WHAT NEEDS TO BE DONE:
Where the line containing "Zaldita Big Girls" appears below, begin there and reproduce each line exactly through the last one, omitting pictures.

SUPPLIED MATERIAL:
■ ■ ■ ■ ■ ■ ■

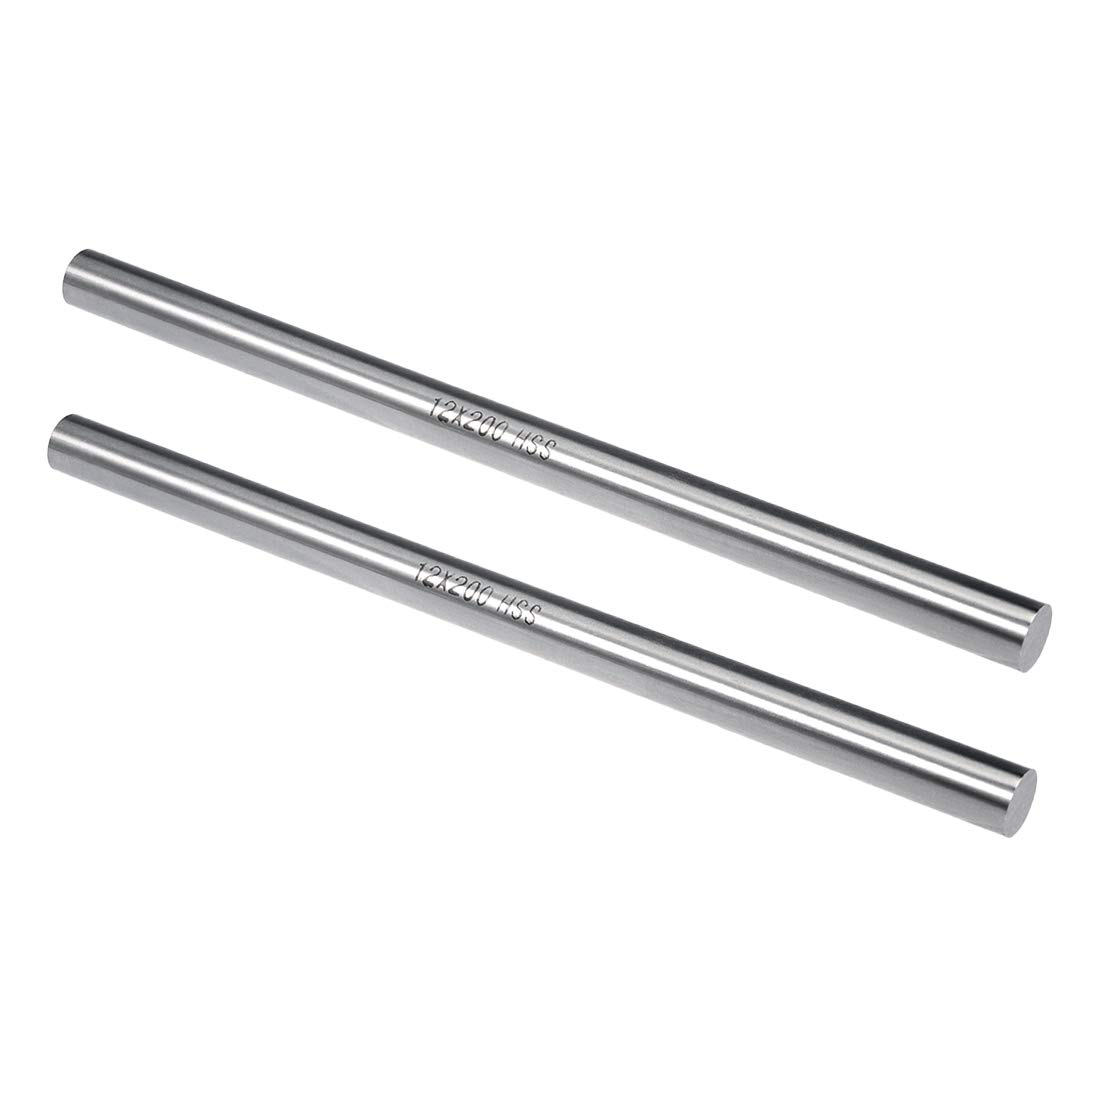 for Shaft Miniature Axle DIY Craft Tool 2 Pcs uxcell Round Rod 7.5mm Diameter 200mm Length HSS Lathe Bar Stock
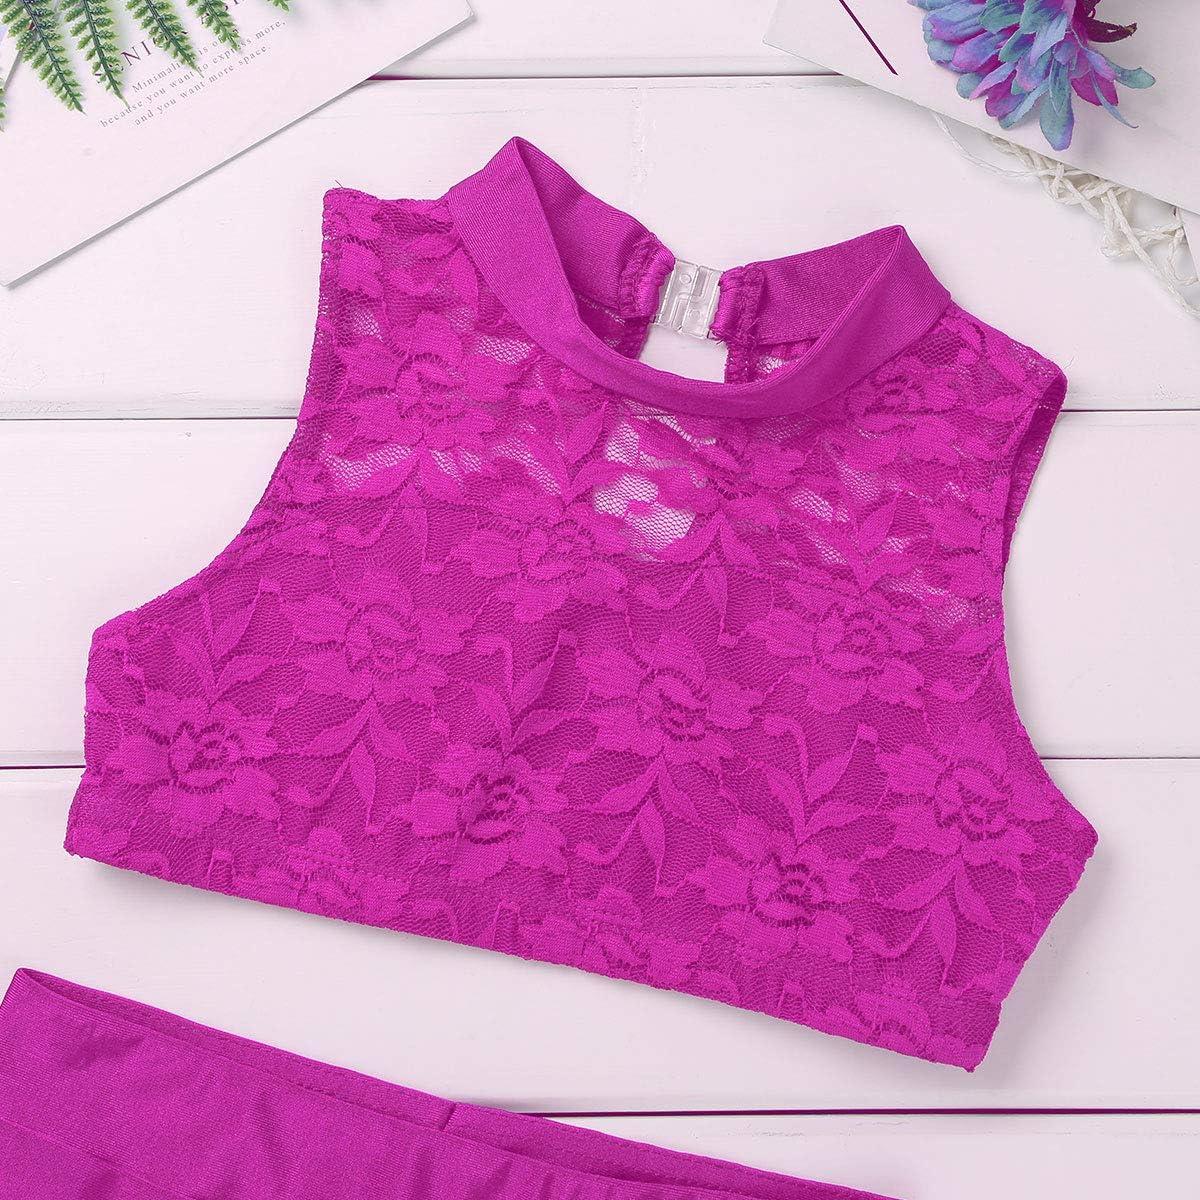 Zaldita Big Girls Floral Lace Tracksuit Solid Mock Neck Crop Top with Booty Shorts Gymnastics Leotard Ballet Dance Costume
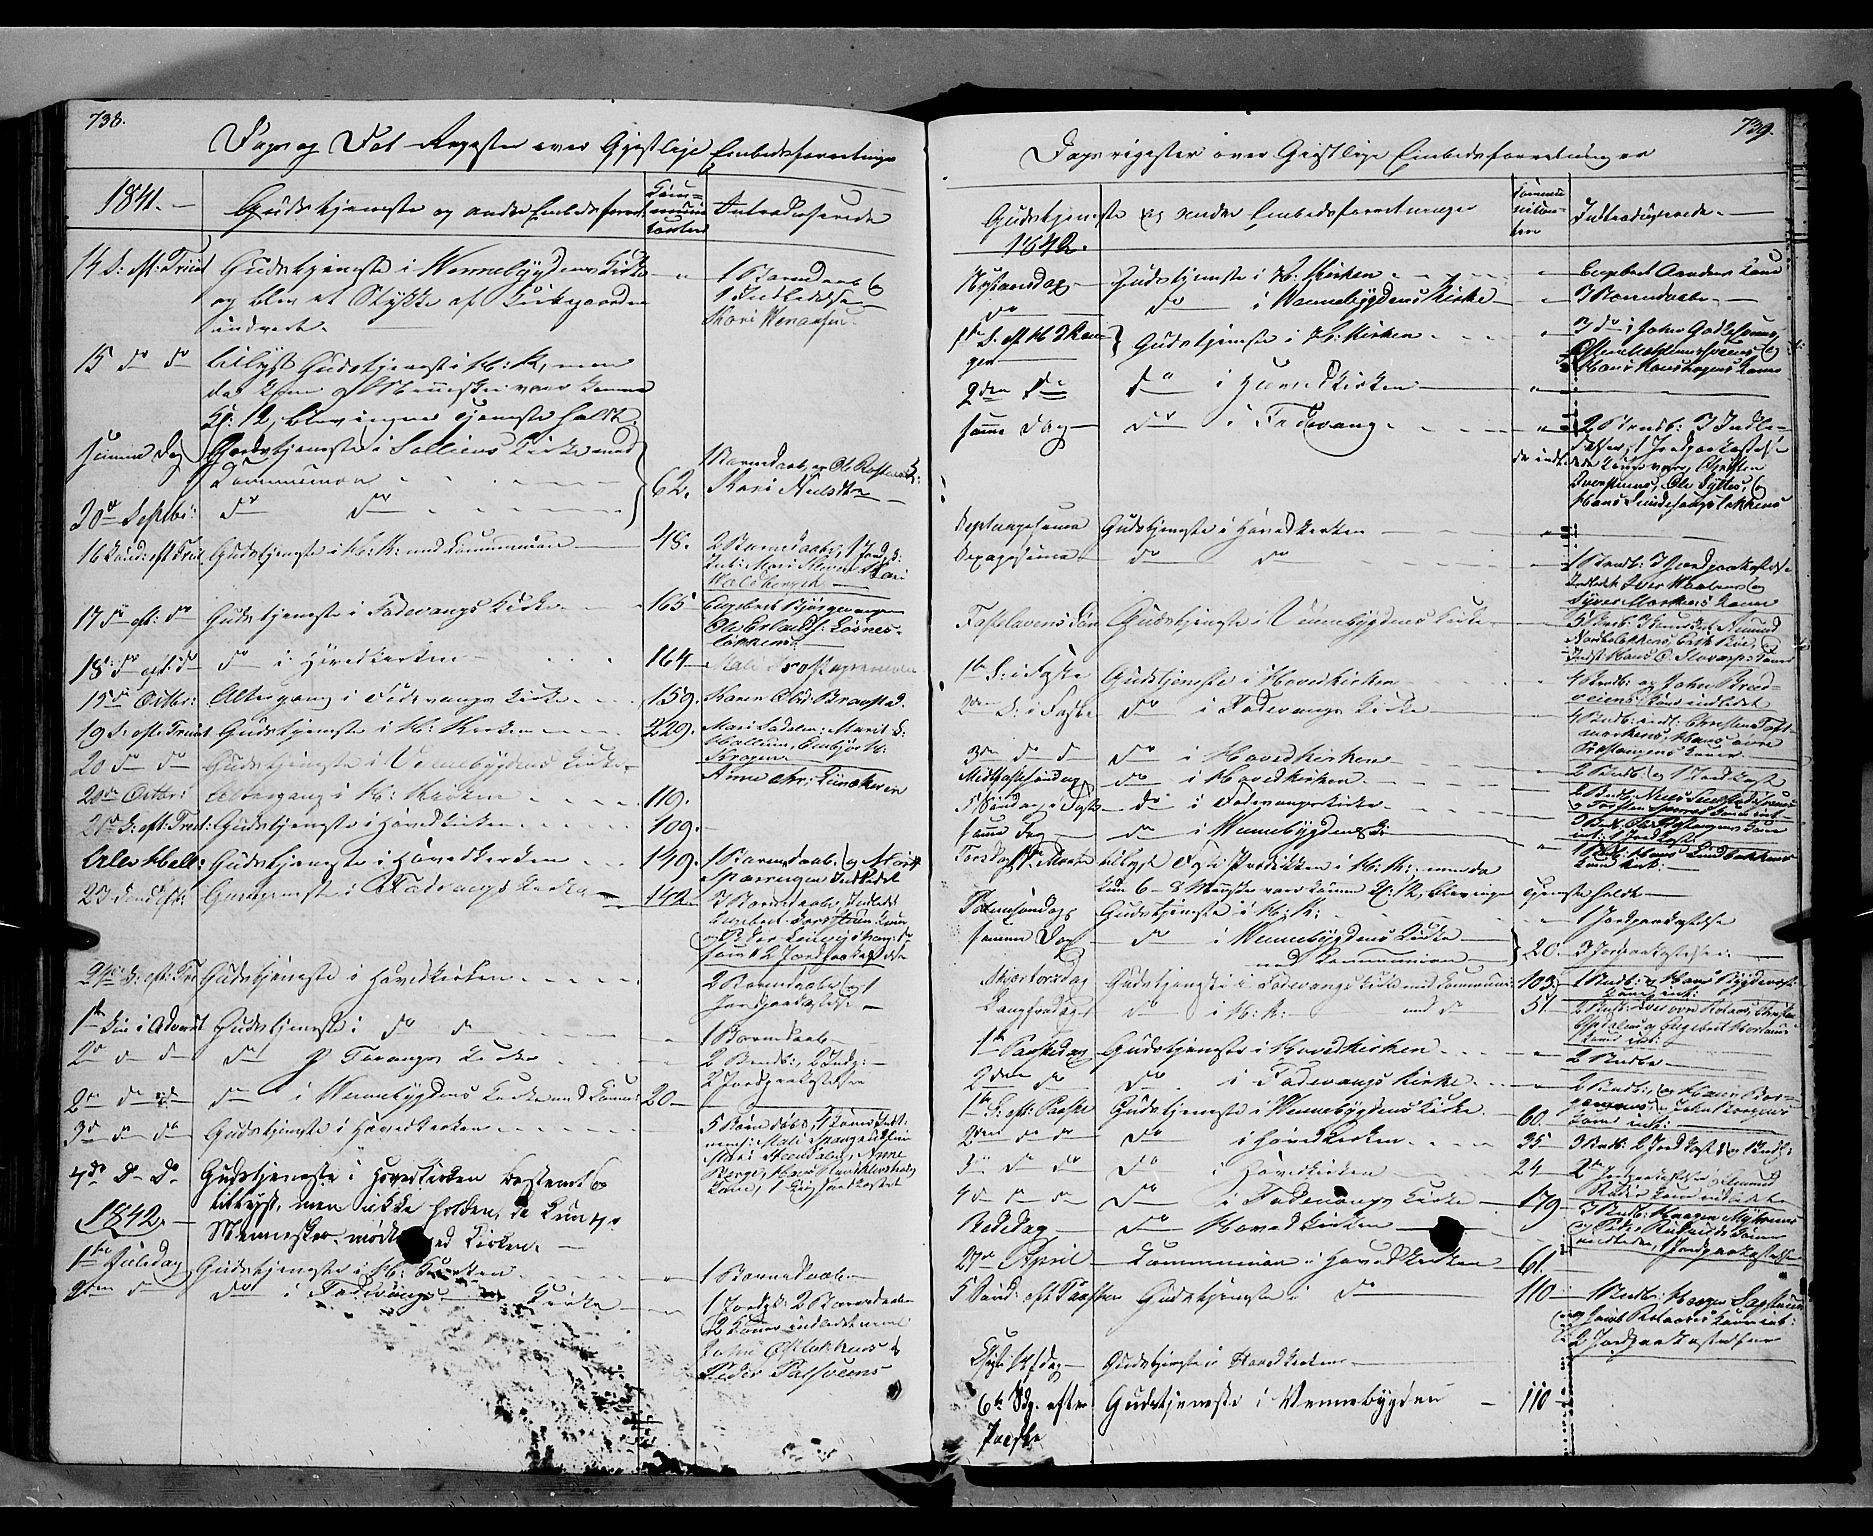 SAH, Ringebu prestekontor, Ministerialbok nr. 5, 1839-1848, s. 738-739
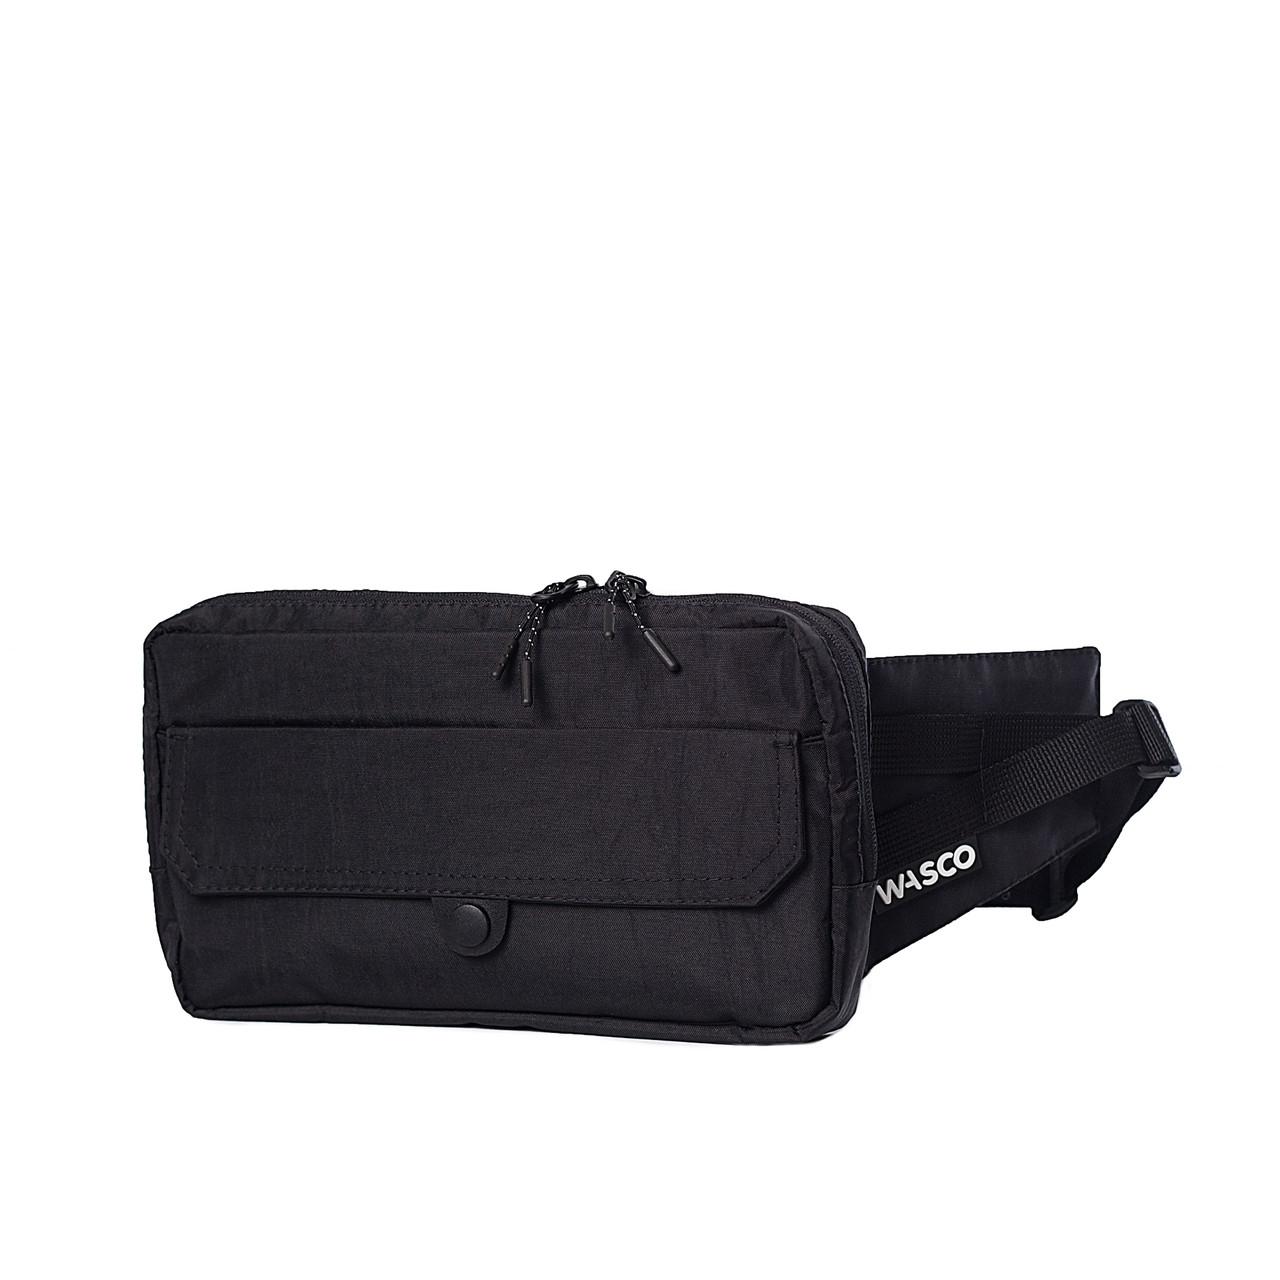 Поясная сумка Wasco G1 Черная

■ ■ ■ ■ ■ ■ ■

SOLUTION:
 Zaldita Big Girls Floral Lace Tracksuit Solid Mock Neck Crop Top with Booty Shorts Gymnastics Leotard Ballet Dance Costume
 SAH, Ringebu prestekontor, Ministerialbok nr. 5, 1839-1848, s. 738-739
 Поясная сумка Wasco G1 Черная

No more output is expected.